How can our Government help?

If not already started, the Government can employ a contractionary monetary plan and policy, to fight inflation by reducing money supply over a short timeframe. Of course, it is easier said, than done. But, how much more can the poor take on their shoulders? Of course, our problem is that we are in a habit of exaggerating everything, and the world discounts us. Let us for a change, underestimate our growth forecasts. 

Sri Lanka we are told earned $4 billion from tourism in 2019, with a drop of around 90% due to the pandemic, as well as rising global fuel costs. 

Let us not put all the blame on either the Government or our people. We know gas cylinder prices have almost doubled. Ordinary citizens weaned on gas cookers, are slowly, but surely getting used to firewood, as I can well remember in my younger days. It is no crime to scale down and be ready to scale up with the rebound of the economy. Earlier, it was three meals a day, now many survive and can afford only two meals a day. It is no doubt a struggle to make ends meet, having to tighten their belts, at the same time have a healthier

diet,without unnecessary waste. We hear of people bartering, bargaining, buying very limited quantities. We hear of long queues outside most food shops for essential items. With people used to milk powder, as prices have risen as much as 12.5%, milk tea, is a luxury now. 

We know the Opposition Party, SJB in Sri Lanka is only able to organise street protests. But street protests do not put food on the table.  Public anger too, cannot do much either.

What is inflation?

Inflation is the disease of our times. Inflation occurs when an economy grows due to increased spending, without an accompanying increase in production of goods and service. When this happens prices rise, currency within an economy, is worth less and won’t buy as much as it would before. When a currency is worth less, its exchange rate weakens, in comparison to other currencies.
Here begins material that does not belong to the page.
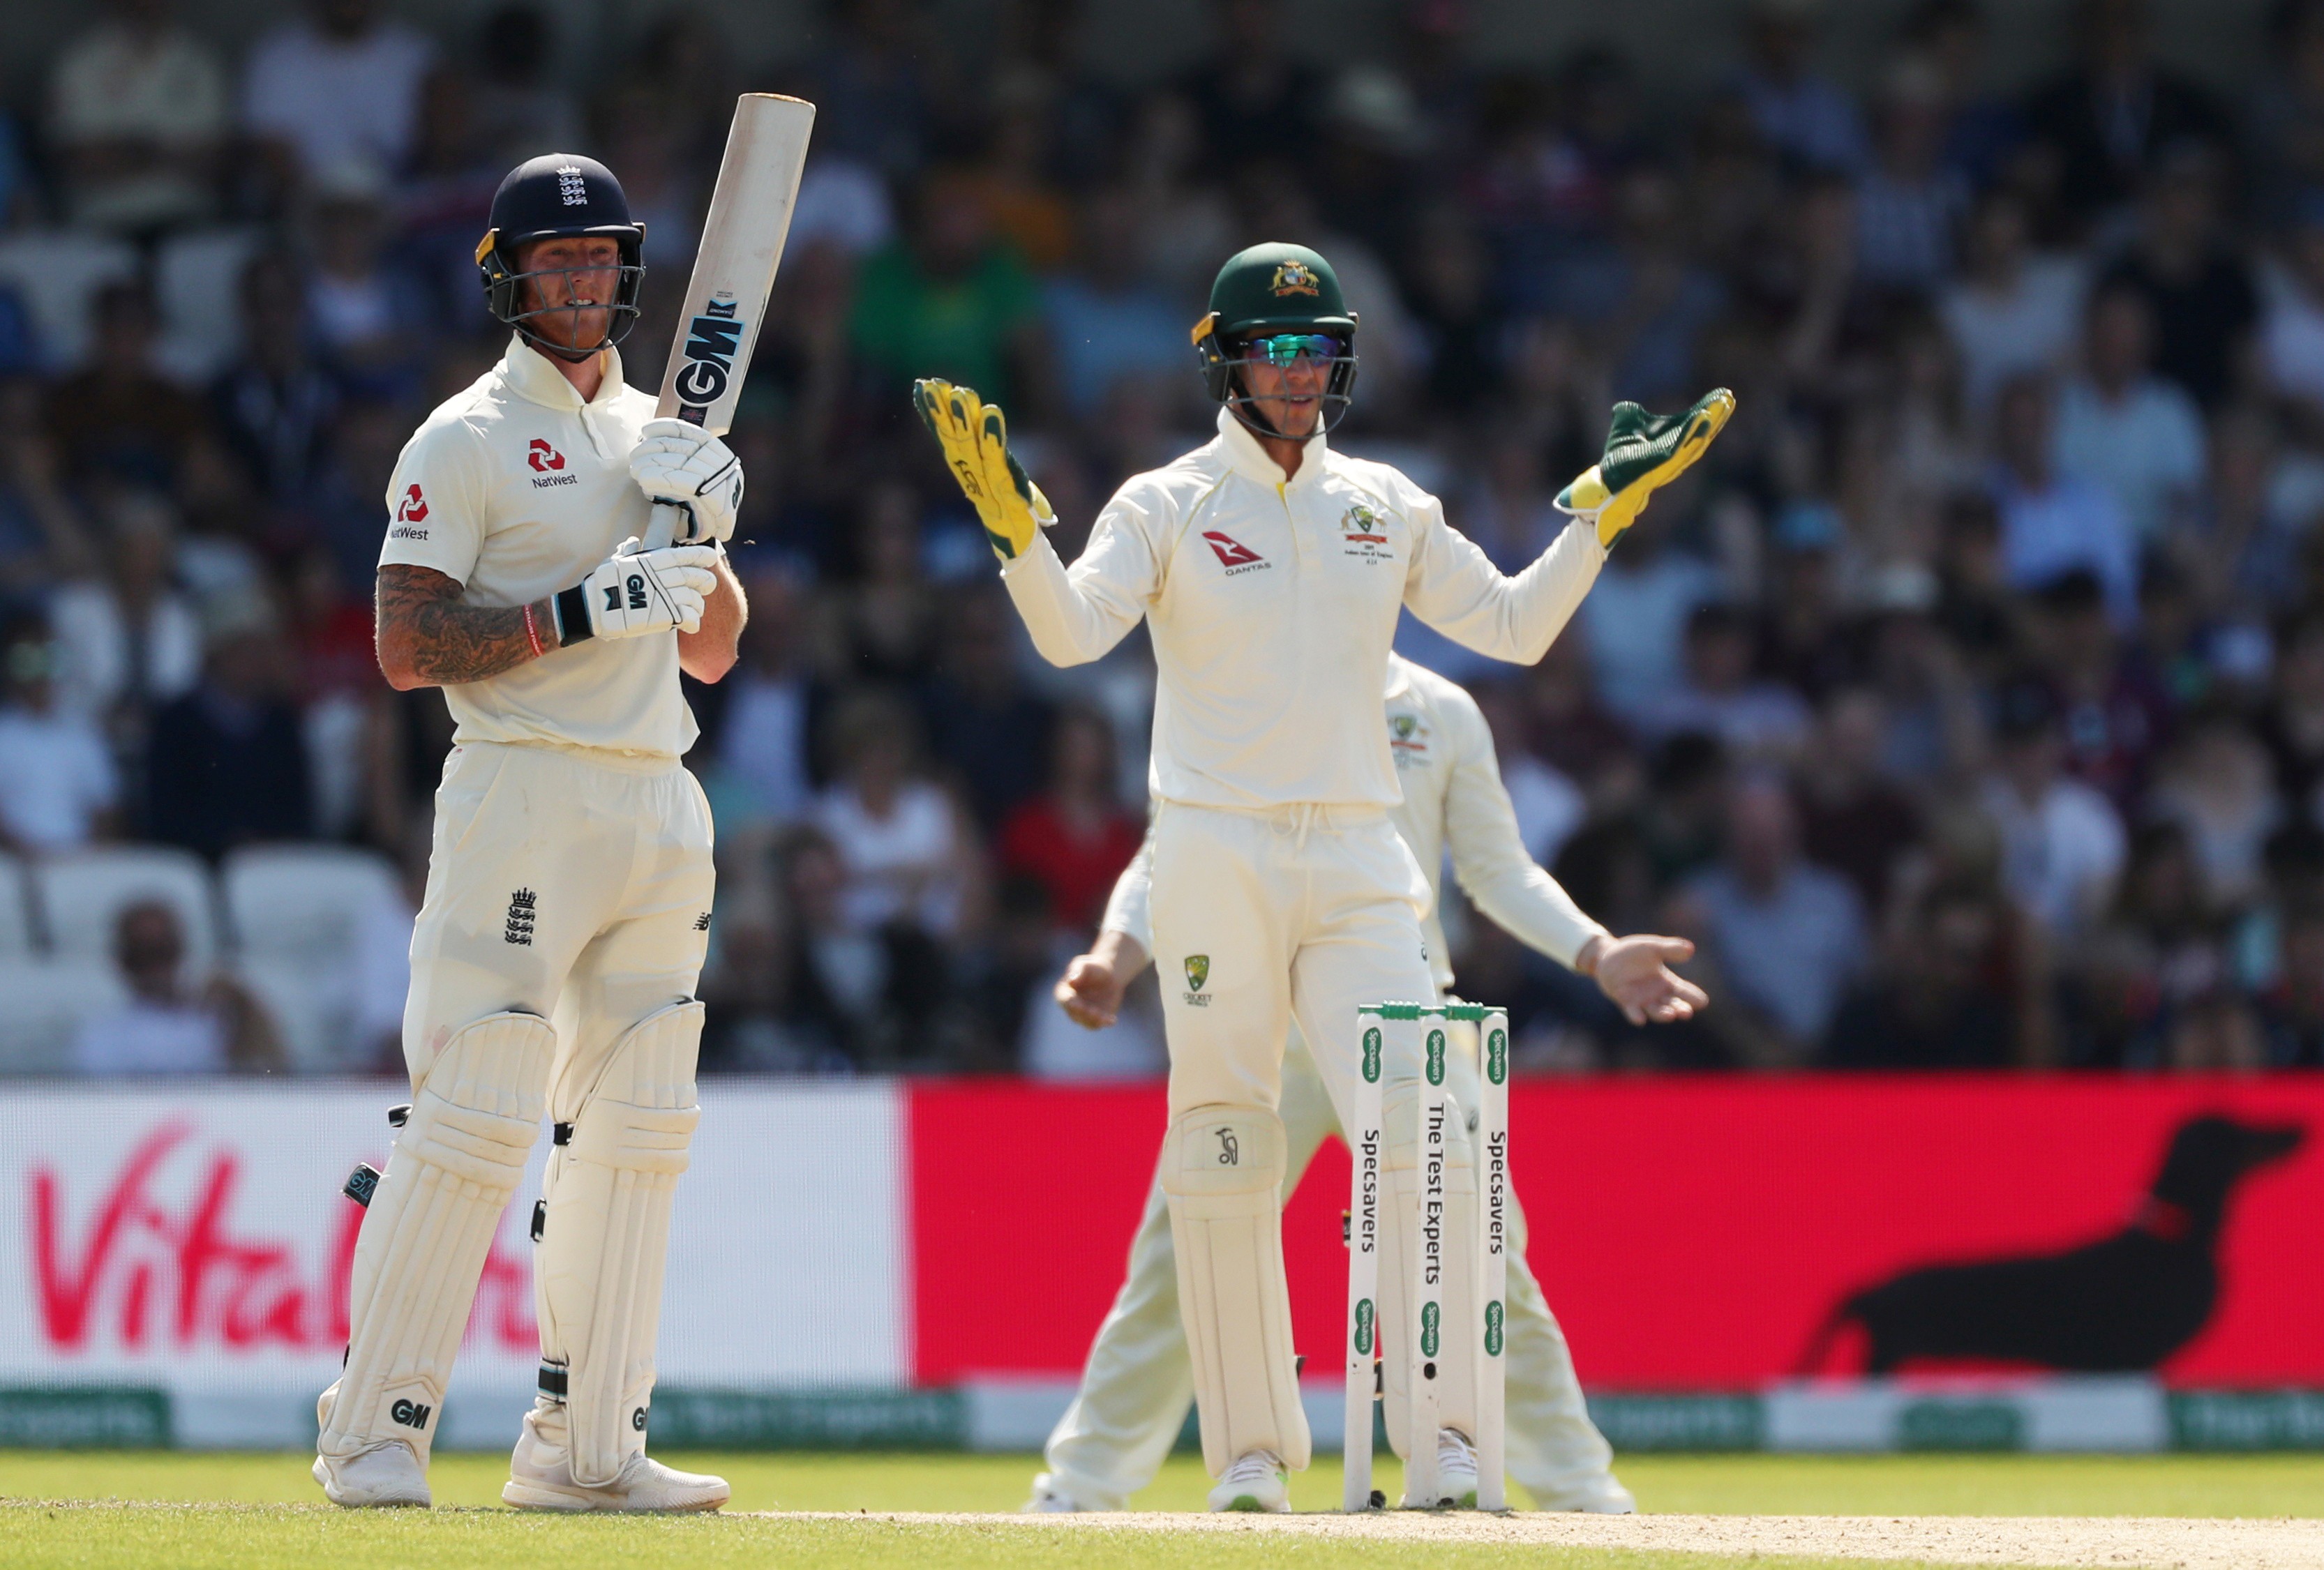 Australia captain Tim Paine has admitted that his side made too many mistakes in the final hour of the third test at Headingley. Photo: Reuters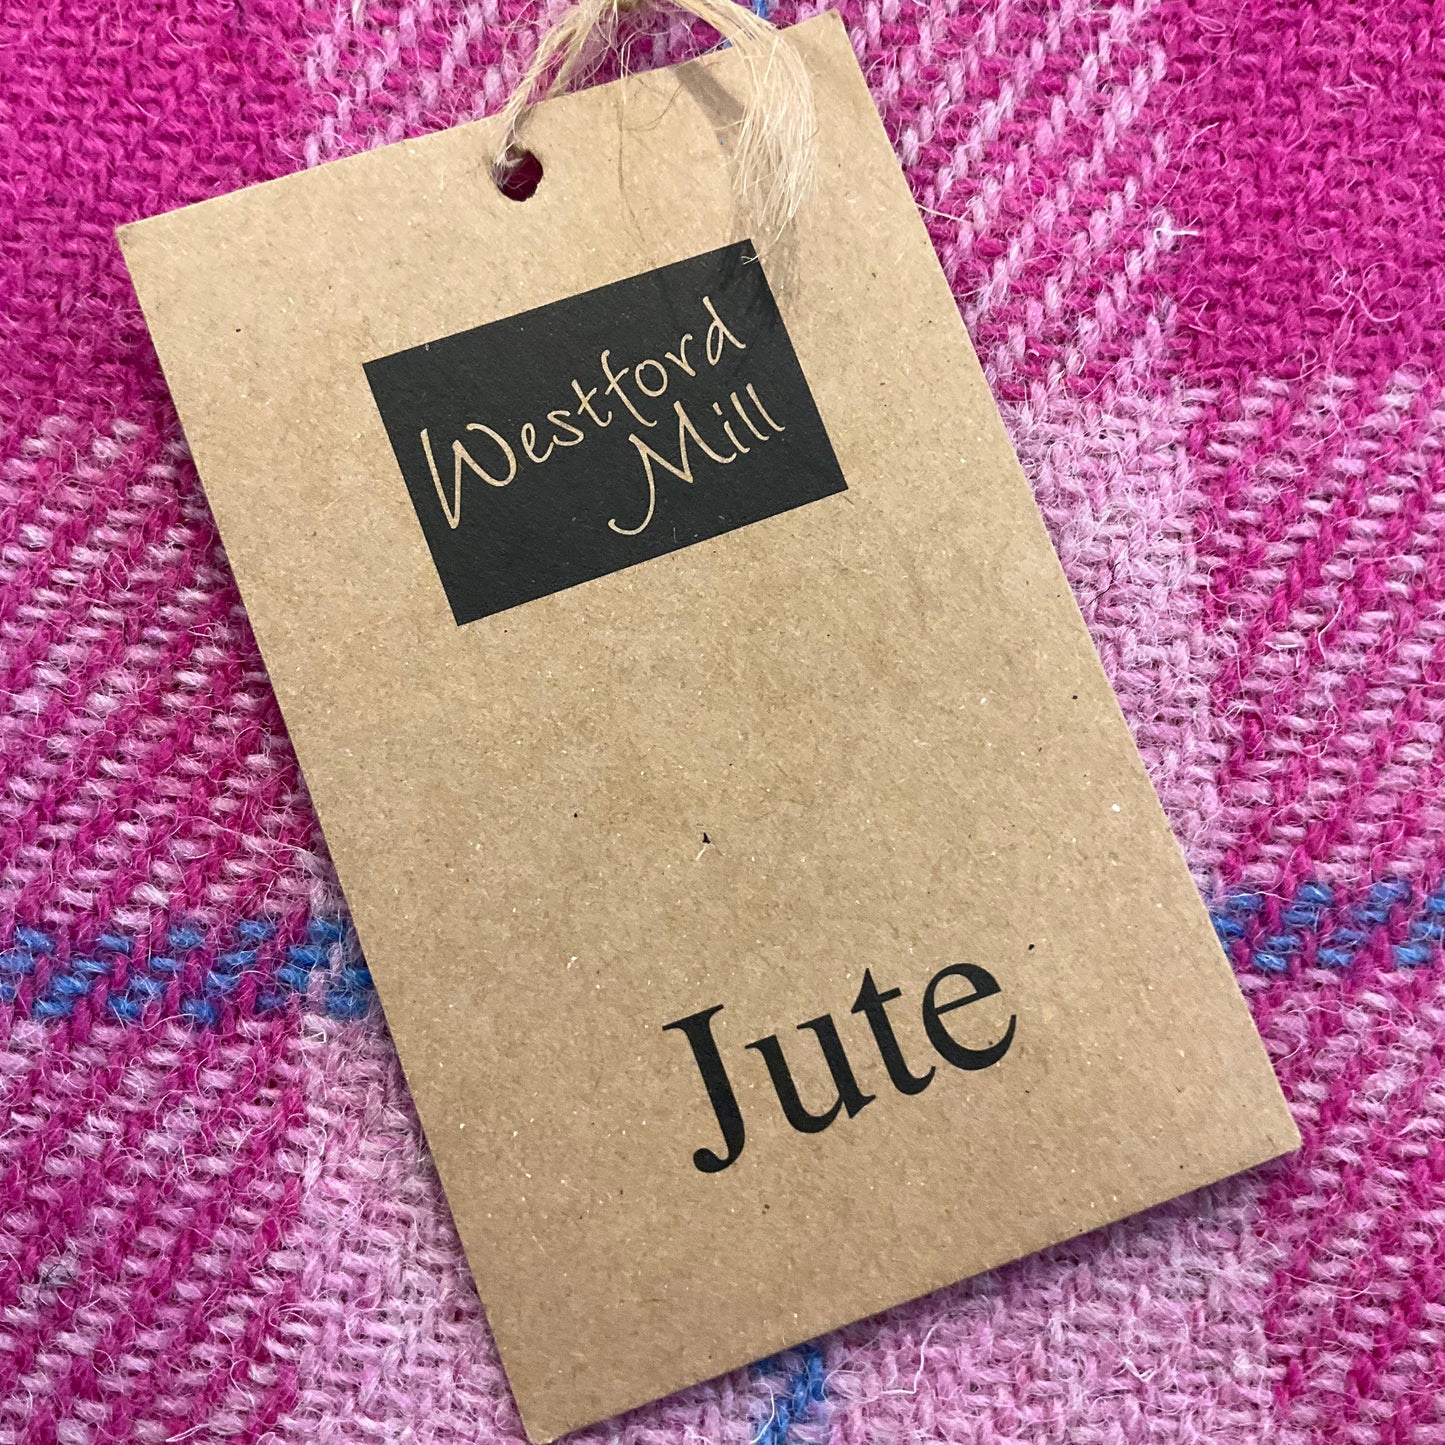 Vintage, Unused Harris Tweed and Jute Shopper by Westford Mill who produce a thoughtfully designed collection of eco-friendly products

However, this depends on whether other currencies are also inflationary less than Sri Lanka.

If, as is the case today, other currencies like the US Dollar inflation is trending 7%, UK at 5.4%. Both are also inflating at a fast rate. The only hope is if Sri Lanka Rupee will be able to control its staggering rate of inflation. Then, wage and price control may trigger a recession with job loss. 

Another way, is reducing money supply within the economy and increasing interest rates. Over time, as the economy picks up, perhaps, through tourism and foreign exchange transactions, control is regained?

The above are economists’ opinion. My layman’s suggestion, is to open the market short term, for Sri Lankan diaspora to buy properties in Sri Lanka, if they have Sri Lankan nationality, with special inducements, like interest holiday to attract foreign currency, for term investment of at least five years. This to say the least, will bring in foreign currency,

create employment in the building and/or other trades and ease foreign exchange strangulation.